That confrontation she had with Ross on the morning he went to ask Charles about the consequences of kidnapping Demelza tells all. Elizabeth's only regret was not that she failed to remain faithful to Ross, but that she could no longer manipulate his feelings quite like she wanted (tears or no). At the time, Elizabeth was happy that she had married Francis. He was the heir apparent and seemed flush with money and prestige. Ross had little in comparison.

But I'm not sure Elizabeth deserves as much censure as she gets. She was a product of her time and marrying well was more important than marrying for love. Even Verity turned her back on Captain Blamey, the love of her life, because of family expectations. (I actually find Verity's actions more exasperating than Elizabeth's. What did she have to lose by running away with the good captain, infamous or not?) Ross understood family dictates very well, so he sacrificed his desires for what he thought would be Elizabeth's happiness and success. He could never have imagined her laboring in the Nampara fields, her being so fragile and all.

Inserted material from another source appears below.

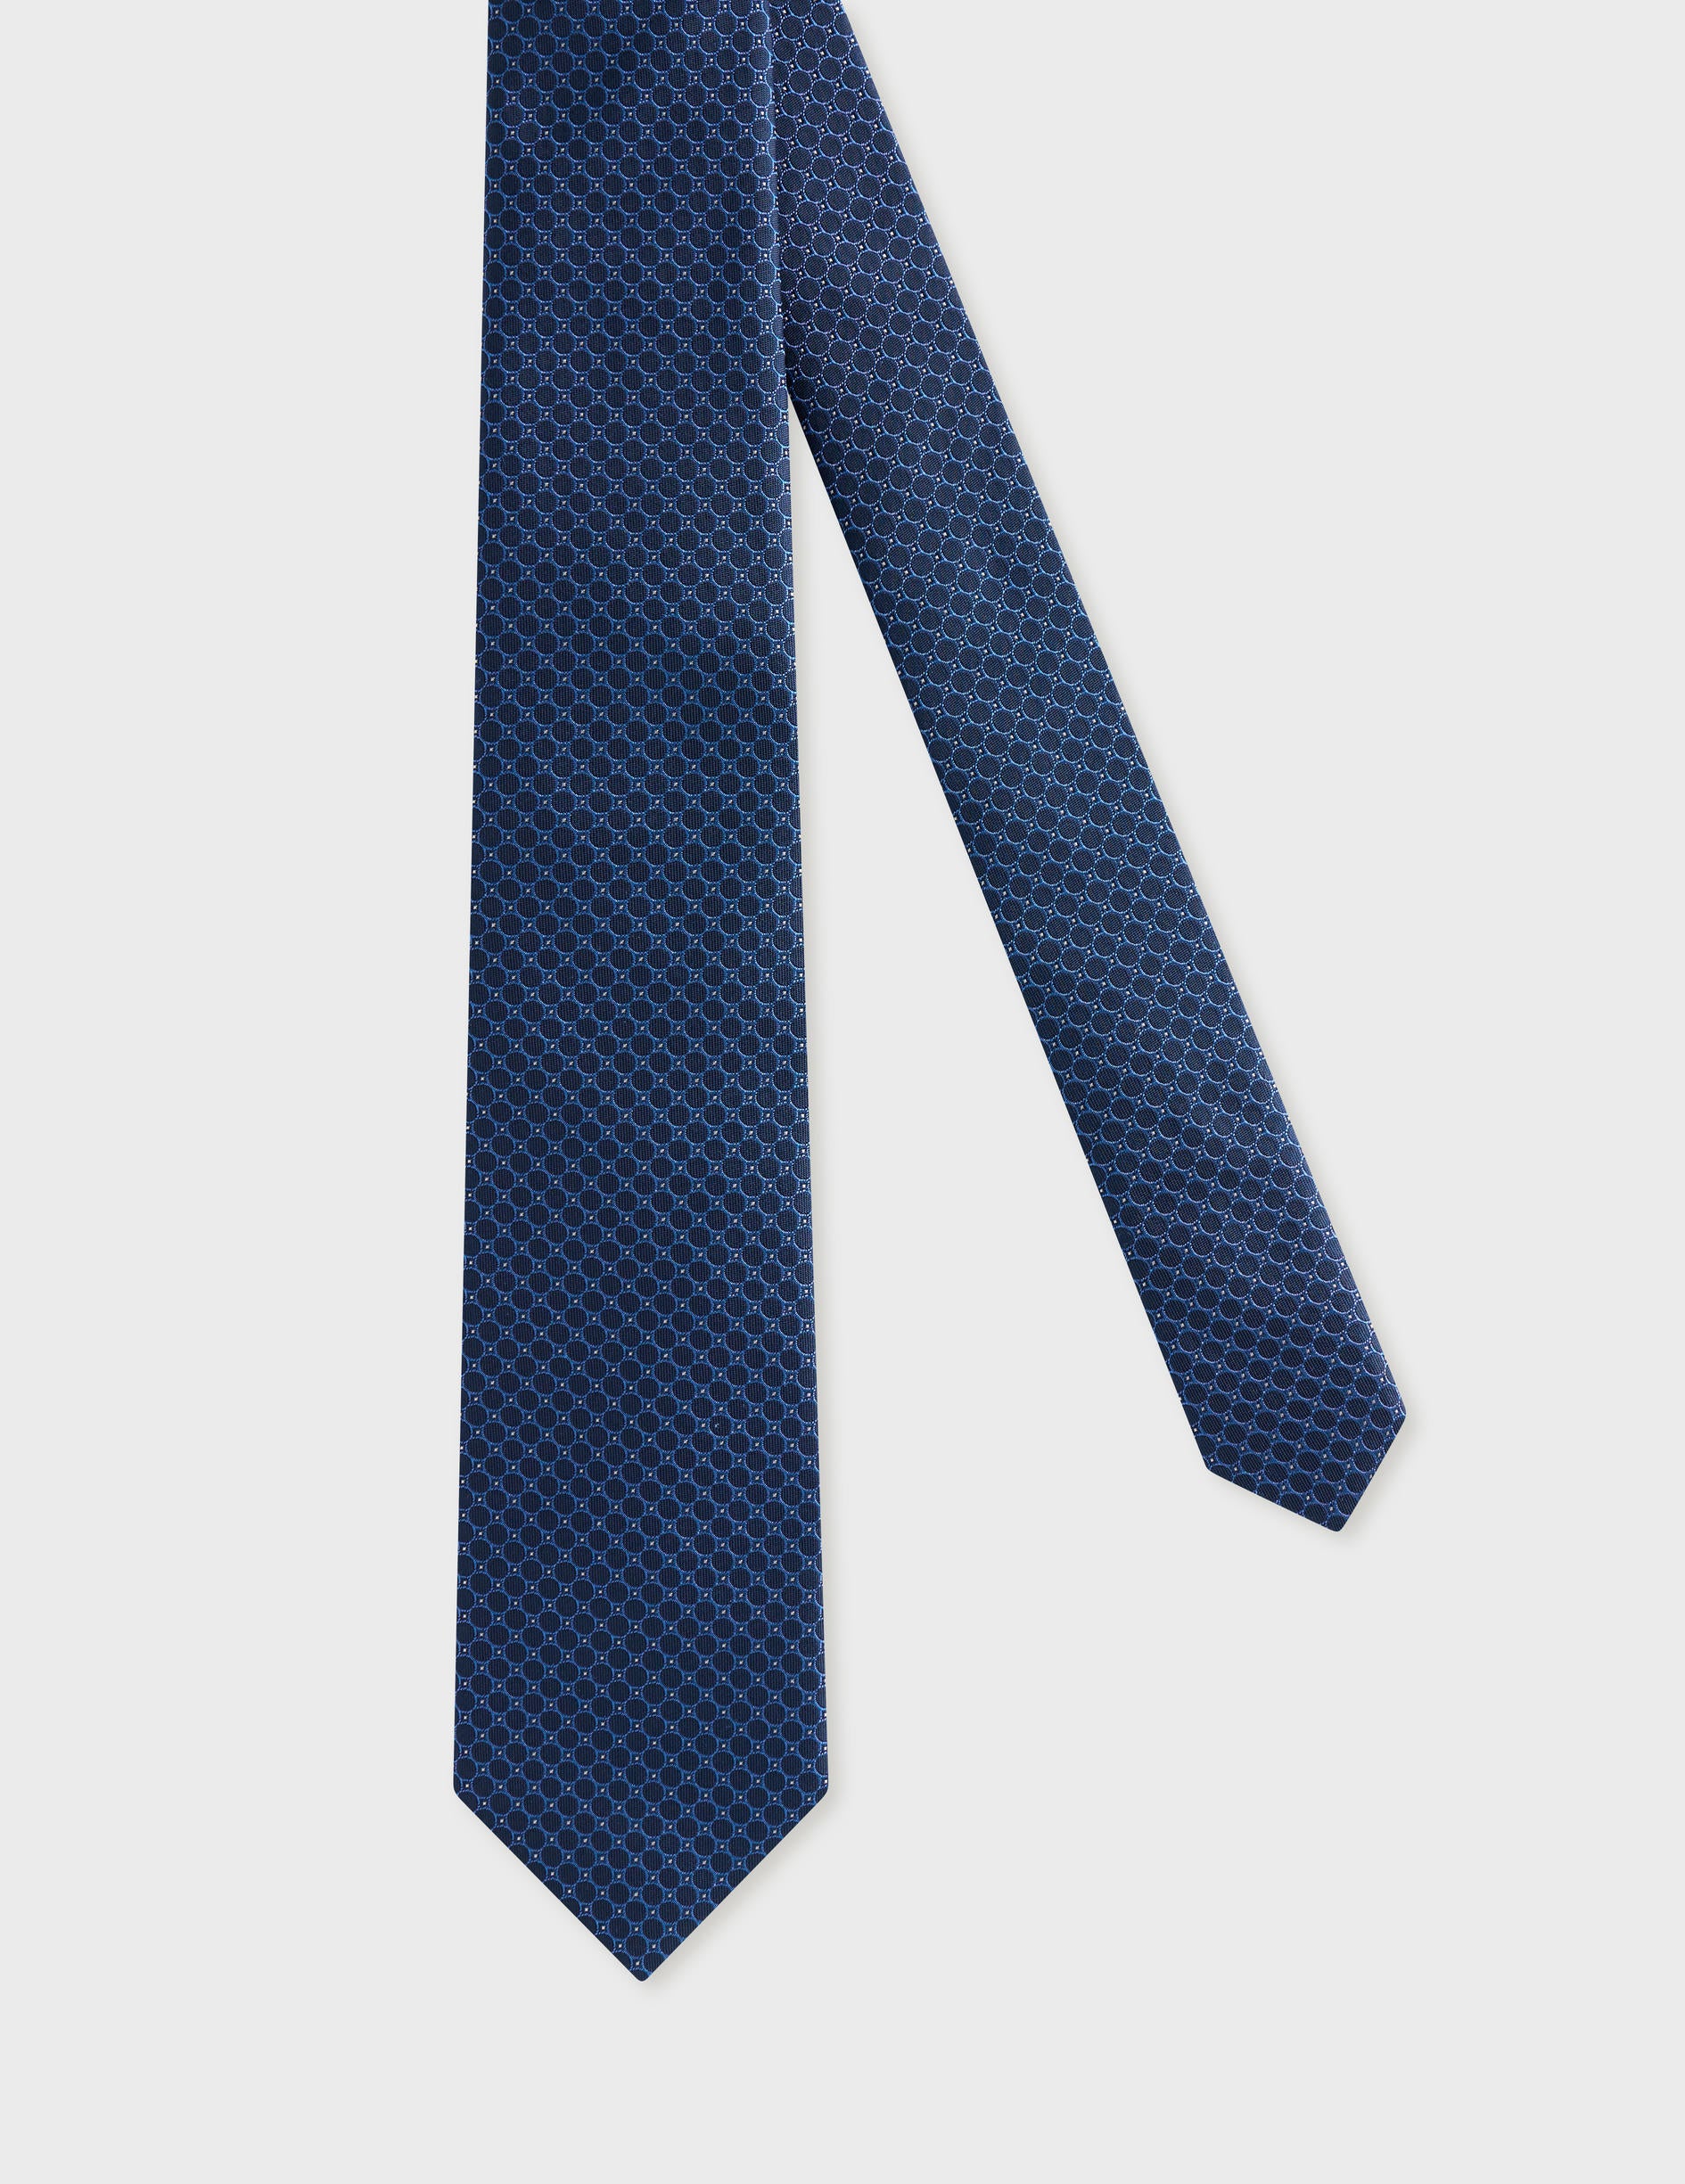 Cravate fine en soie marine à motifs

I agree with all that Mrs Gimlett and Stella say about Ross. He never wavered in his abiding love for Elizabeth. He was never indecisive about his feelings for her. The problem was that his belief in the strength and bonds of loyalty clouded his vision, as it always would. He thought she was as loyal to him as he was to her and so was emotionally paralyzed when he found her engaged, happily, to Francis. He had no chance to confront Elizabeth before her marriage, even had he wanted to. Unlike in the tv series, she wasn't wandering about the cliffs and pondering her prospects. After the engagement party, her parents whisked her back to the family seat. Ross had no father to advise him to storm the castle, so to speak, as he later advised Jeremy. But Ross had already accepted Elizabeth's betrayal of the heart and tried to move on with his life, even though Elizabeth would always own a part of him.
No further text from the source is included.